I Declare War

Jason Lapeyre & Robert Wilson

BY Robert BellPublished Sep 18, 2012

The rules in war are simple: two teams set up camp with a respective flag that the opposing team needs to capture to win. If anyone is shot, that person has to count to ten before they can play again. If they're hit with a grenade (a balloon filled with red liquid), they have to go home.

Each side has an established leader familiar with the strategies of the opposing side. There's PK (Gage Monroe), the confident perpetual winner and ersatz social nucleus of the schoolyard, and Quinn (Aiden Gouveia), his scrappy competition, hopeful to win this outing with the unlikely addition of Jess (Mackenzie Munro), a cunning girl with secret tactics that's more interested in gaining Quinn's affections than playing a game of war.

But what no on could have predicted was that repressed emotions and personal vendettas would turn the war into something unprecedented. When effeminate outcast Skinner (Michael Friend) throws a grenade at Quinn, his leader, he takes charge of his team and eventually captures a prisoner (Siam Yu), using excess force and verbiage outside of the lexicon of youthful larks.

Tonally, this overt metaphor plays as comedy, for the most part, with the kids referencing a variety of popular war movies and arguing about trivialities and friendships.
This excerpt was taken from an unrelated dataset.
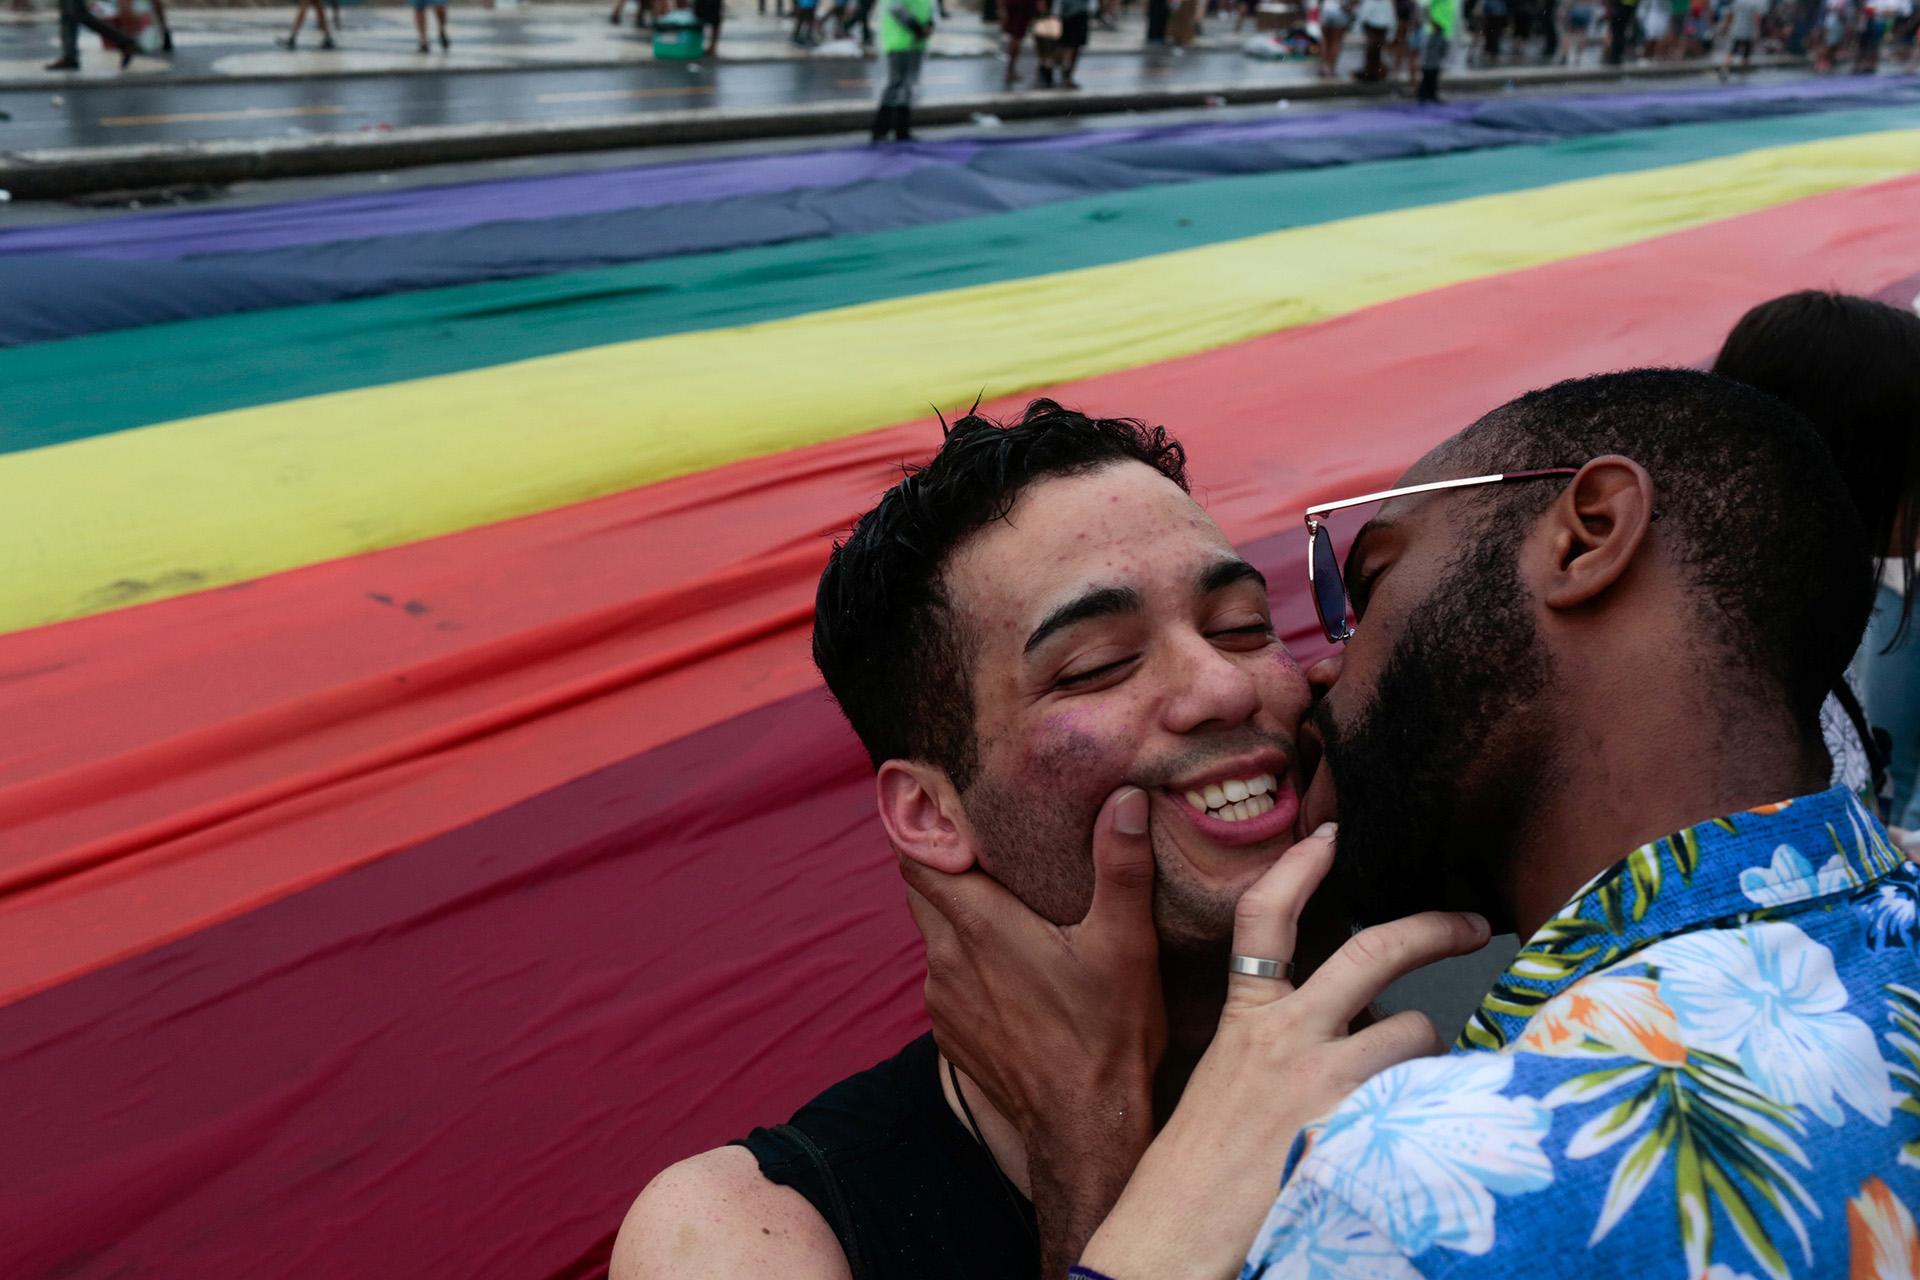 El beso entre parejas homosexuales fue una gran parte del desfile en contra de la propuesta de censura del alcalde de la ciudad. REUTERS / Ian Cheibub

While serious about the game they're playing, discussions about whether it would be worse to put your penis in a dog's mouth or go the rest of your life without a computer contextualize the age bracket and maturity level of what's on display.
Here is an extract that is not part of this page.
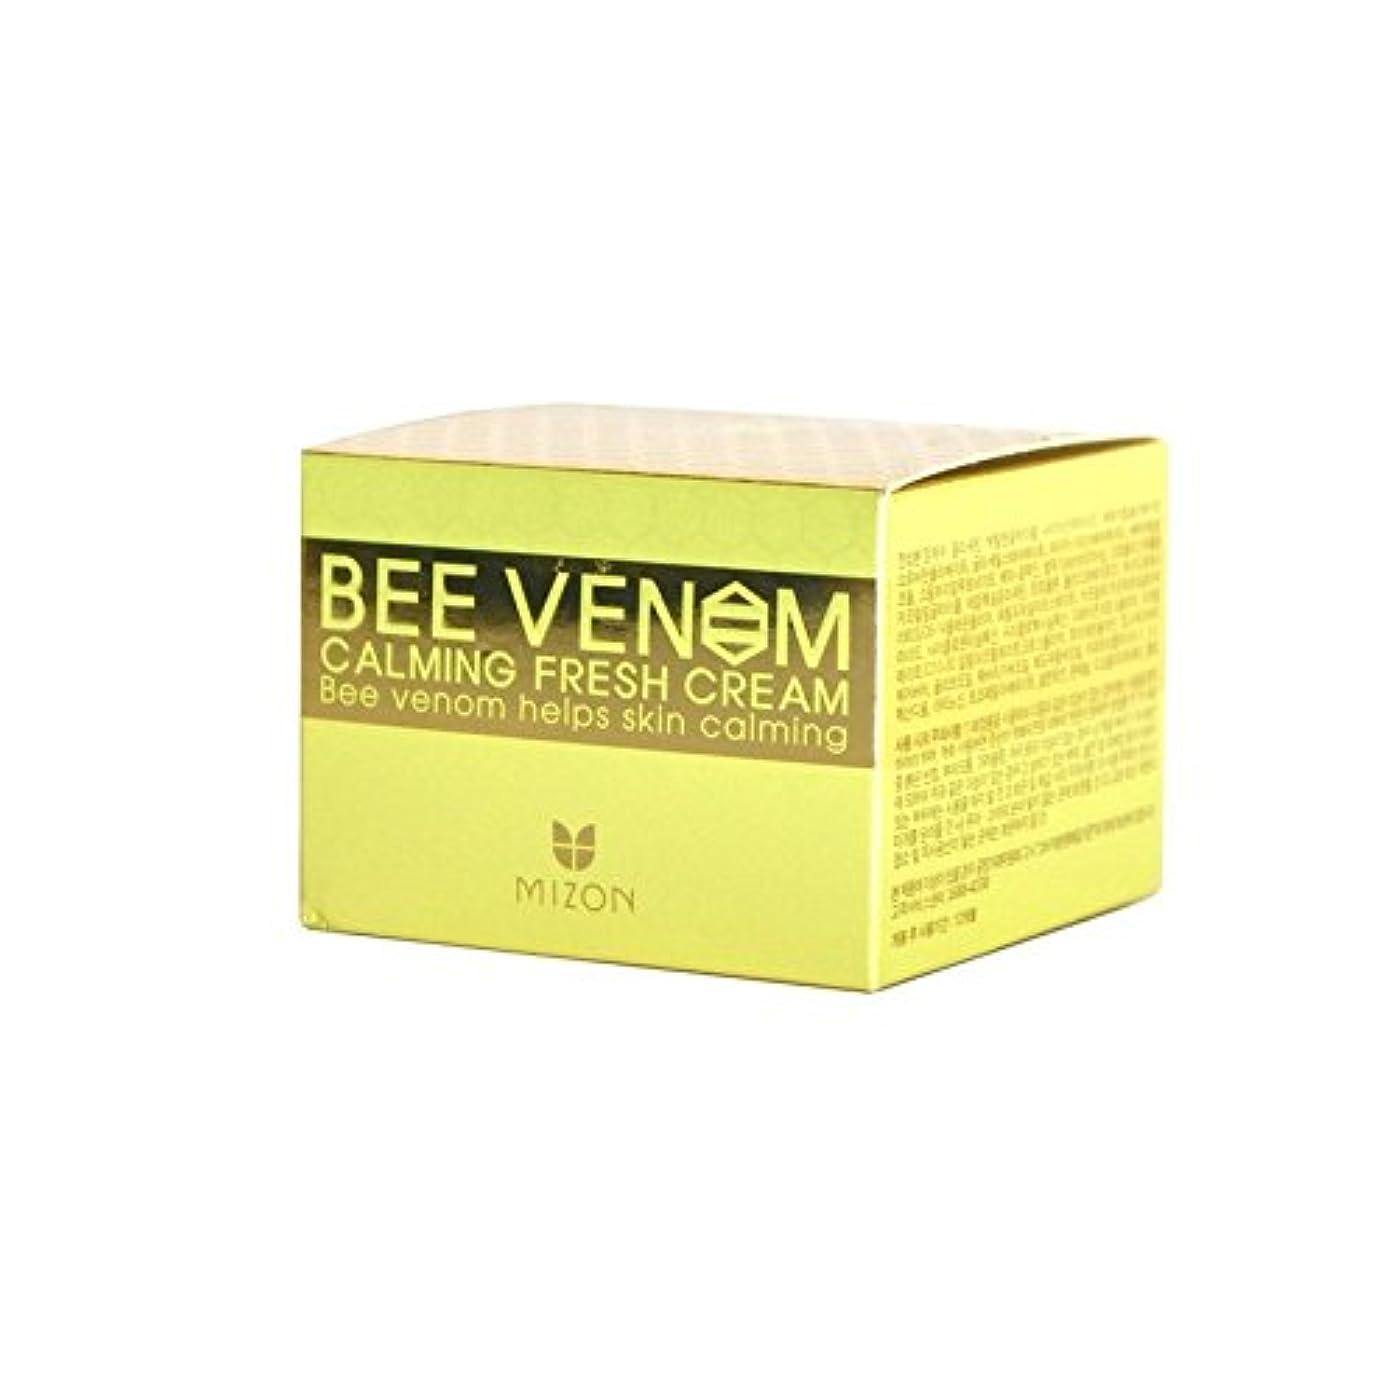 信頼性のある協力するずらす生クリームを落ち着かせるのハチ毒 x4 - Mizon Bee Venom Calming Fresh Cream (Pack of 4) [並行輸入品]

What's impressive about I Declare War is its ability to reiterate the tropes of the genre, similarly building up tension and establishing complex motivations amidst the varying players, despite being little more than a weekend game amongst kids.

The implications about conflict resolution and popular socialization in today's youth are obvious, but not milked in a pedagogical capacity, leaving this modern criticism of sorts to entertain through sheer innovation and an astute ear for pre-teen conversation.